I can get off the board. The common denominator here is that all these areas we were running with the ball. But it started with something that remains for me fundamental, and that was the decision we took, on the instructions of the President on the first day, to strengthen again, raise energy again, breathe new life, re-engage, and in some cases we reinvent. these alliances and partnerships. The fundamental premise that we have is, one, as you could – and you’ve heard me say this many times, but we have to repeat – one, the world does not organize itself. And if we’re not there – if the United States is not there to lead, to engage, to help organize, then either somebody else is going to do it or nobody’s going to do it – either way, it’s probably not good for us.

But the second, and the side of the same coin, is that virtually all these problems to be solved effectively need other countries in the agreement, they need us to coordinate, to cooperate. There American diplomacy has been playing a key role. Each of these issues – and again, when it comes to other issues that I mentioned – Iran, North Korea, etc. – we were not holding back. We have been struggling, but ultimately other countries have to make decisions about what they will or will not do.

We continue to believe, for example, on Iran’s nuclear program that the best way to deal with this challenge, to deal with this threat is through diplomacy. We were engaged in intense diplomacy. But if Iran is not willing or able to do what is necessary to come back into compliance, well, that is part of the equation as well.

QUESTION:  Yes, I want to start on this question of alliances. Because the Biden administration has come under a lot of criticism, including from allies, for its handling of the withdrawal from Afghanistan. I wonder if there were lessons learned that are — that were useful to you in managing these alliances, now in dealing with Russia and China. And then also, briefly, what can the United States do now to support the women of Afghanistan?

SECRETARY BLINKEN:  So part two first. The decision that we have just heard comes from the Taliban about the denial of opportunities for women to go to universities, for girls to go to school – I think what you have already heard is a round-the-clock condemnation -the world, and not only from us but from my countries – practically every continent, including Muslim countries, which, I think, is, in itself, important and powerful. What they have done is try to condemn Afghan women and girls to a dark future without opportunity. And the bottom line is that no country will be able to succeed, much less succeed, if it denies half of its population the opportunity to contribute.

And to be clear – and we are engaged with other countries on this right now – there will be costs if this is not reversed, if this is not changed. I will not dictate them today, but we will follow them in coordination with allies and partners.
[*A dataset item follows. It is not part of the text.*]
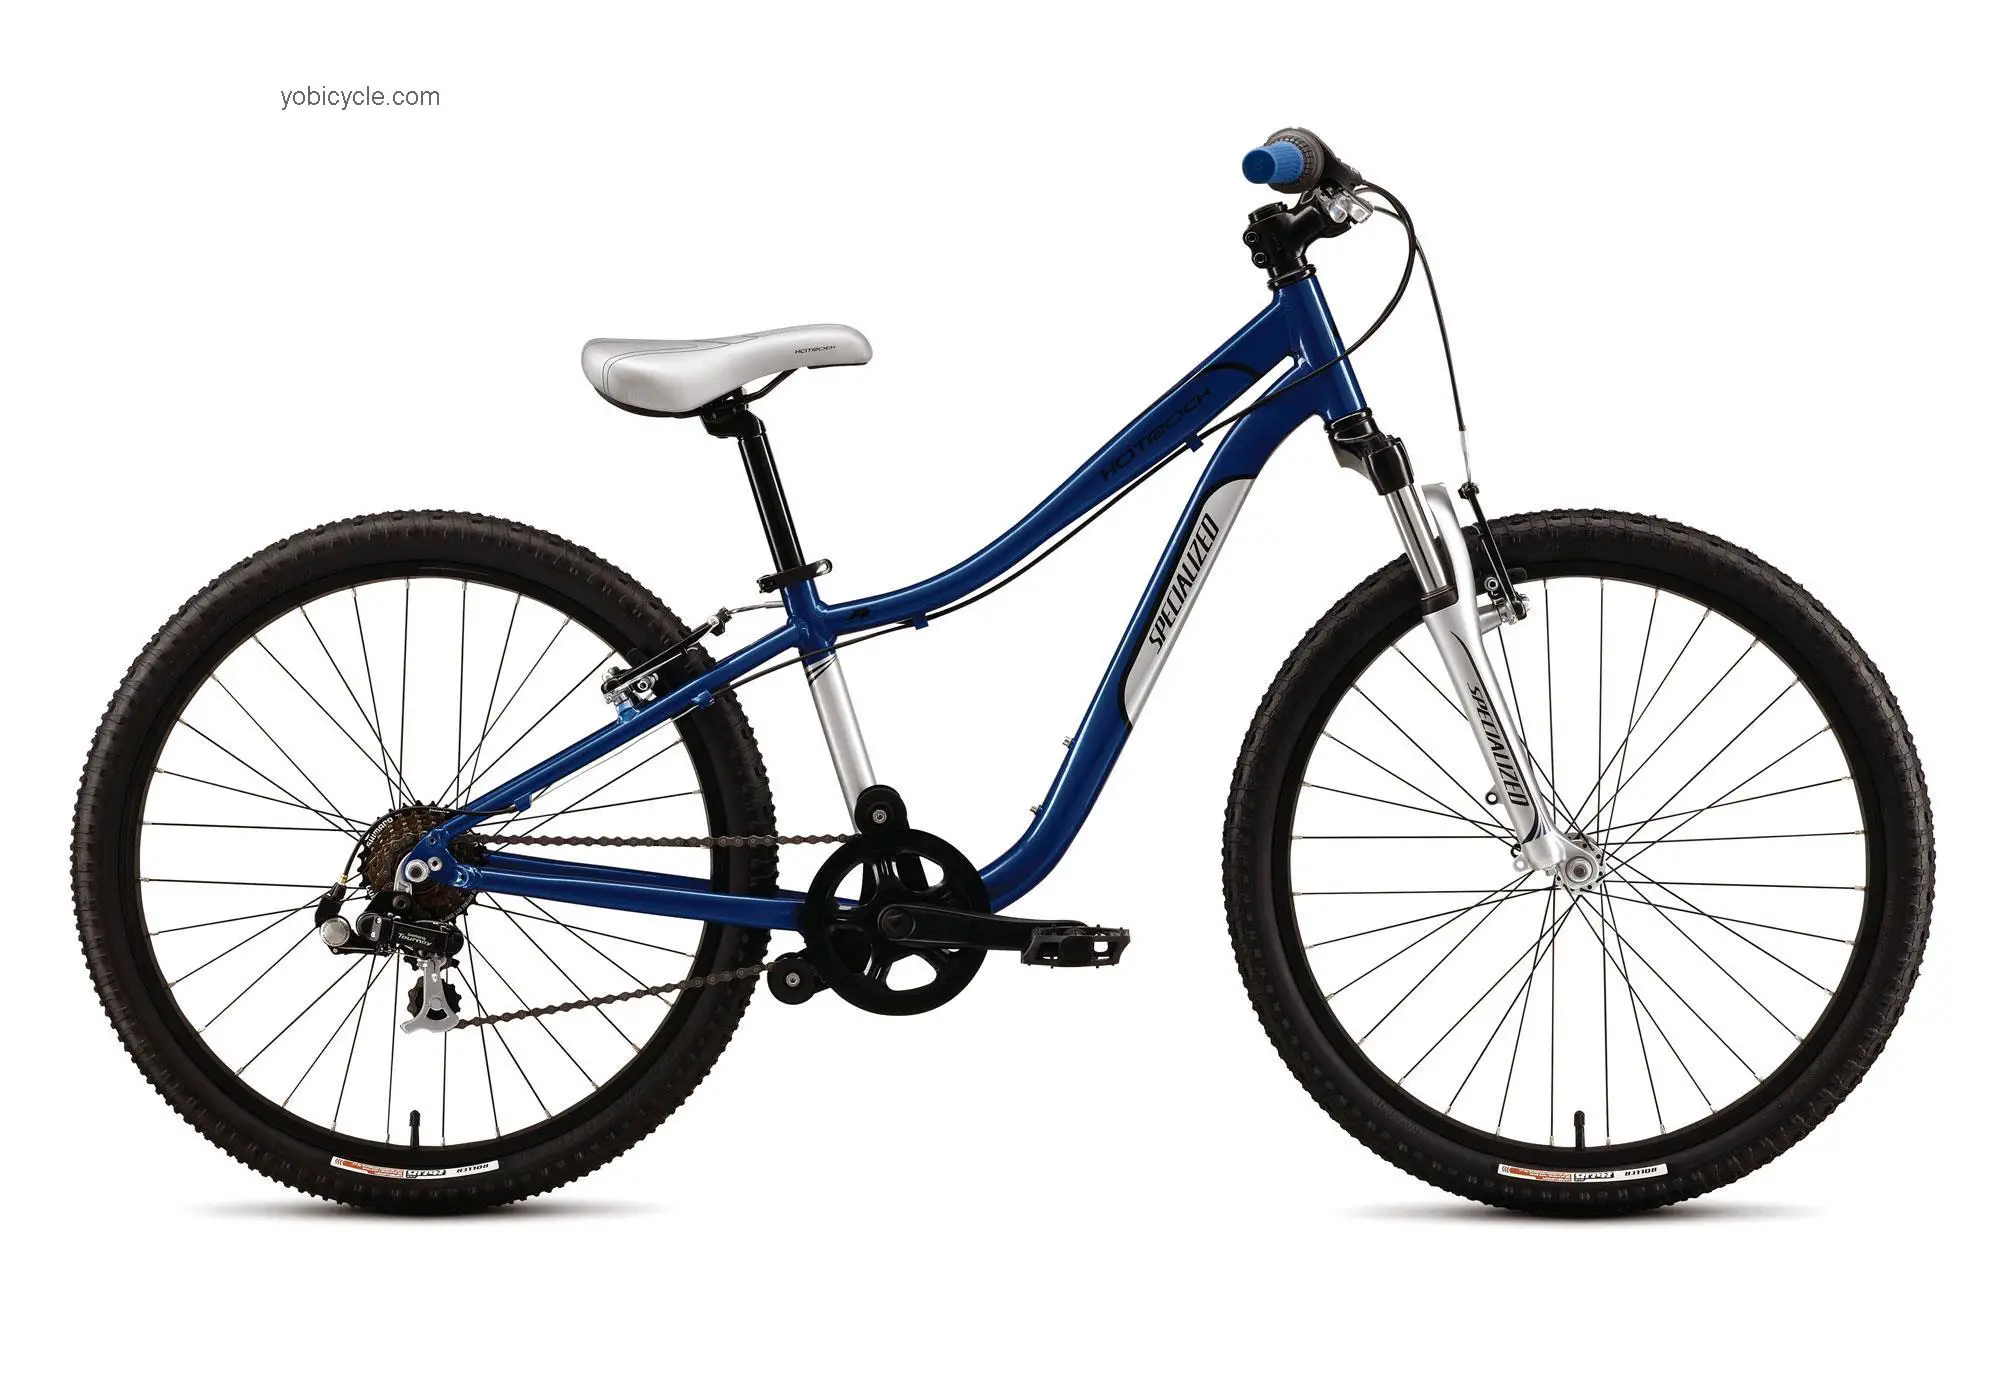 Specialized Hotrock 24 7-speed Boys 2012 comparison online with competitors

And I can also tell you that any prospects that the Taliban seek for improved relations with the world, with the international community, which is something they want and we know they need – this will not happen if they continue on this. course.

More broadly when it comes to Afghanistan, of course, as we said, we have to learn the lessons of Afghanistan during the 20 years of the mission there, as well as the last year. I mean – and if you go back and look at, for example, what the Secretary General of NATO said and others said, our consultation with allies and partners on Afghanistan at the moment were sustained, they were intense , and we took it by force. note everything we heard from allies and partners before the decisions that President Biden made and that we made. Therefore I think that this idea that we hear from some about a lack of consultation is actually not derived from the facts nor from what many of our allies and partners have said.

I’ll say this too: we ended America’s longest war. For the first time in 20 years, Americans will not be coming home from Afghanistan in a body bag or seriously wounded. We have taken more than 120,000 people out of the country. When it comes to Russia’s war against Ukraine, if we were still in Afghanistan, I think it would have made much more complicated the support that we could give and that others were able to give to Ukraine to resist and push. back against Russian aggression. We have heard predictions that leaving Afghanistan will result in a tsunami of Afghan refugees. This, to date, has not happened. We have heard that this will result in more terrorism. This has not happened to date. And on the contrary, we were able to take out one of the main terrorists, Mr. al-Zawahiri.

And so I think putting it all in perspective is very important. You put it in the perspective of 20 years, you put it in the perspective of the last year, you put it in the perspective of what has happened since then – that does not take away from our lasting commitment to make sure that we help those who have helped us in -Afghanistan. It does not detract from our abiding commitment to defend the rights of women and girls, and more broadly the rights of people in Afghanistan. It does not detract from our enduring commitment to help as the main provider of humanitarian assistance to Afghanistan. All of that remains very much on our plates as we move forward.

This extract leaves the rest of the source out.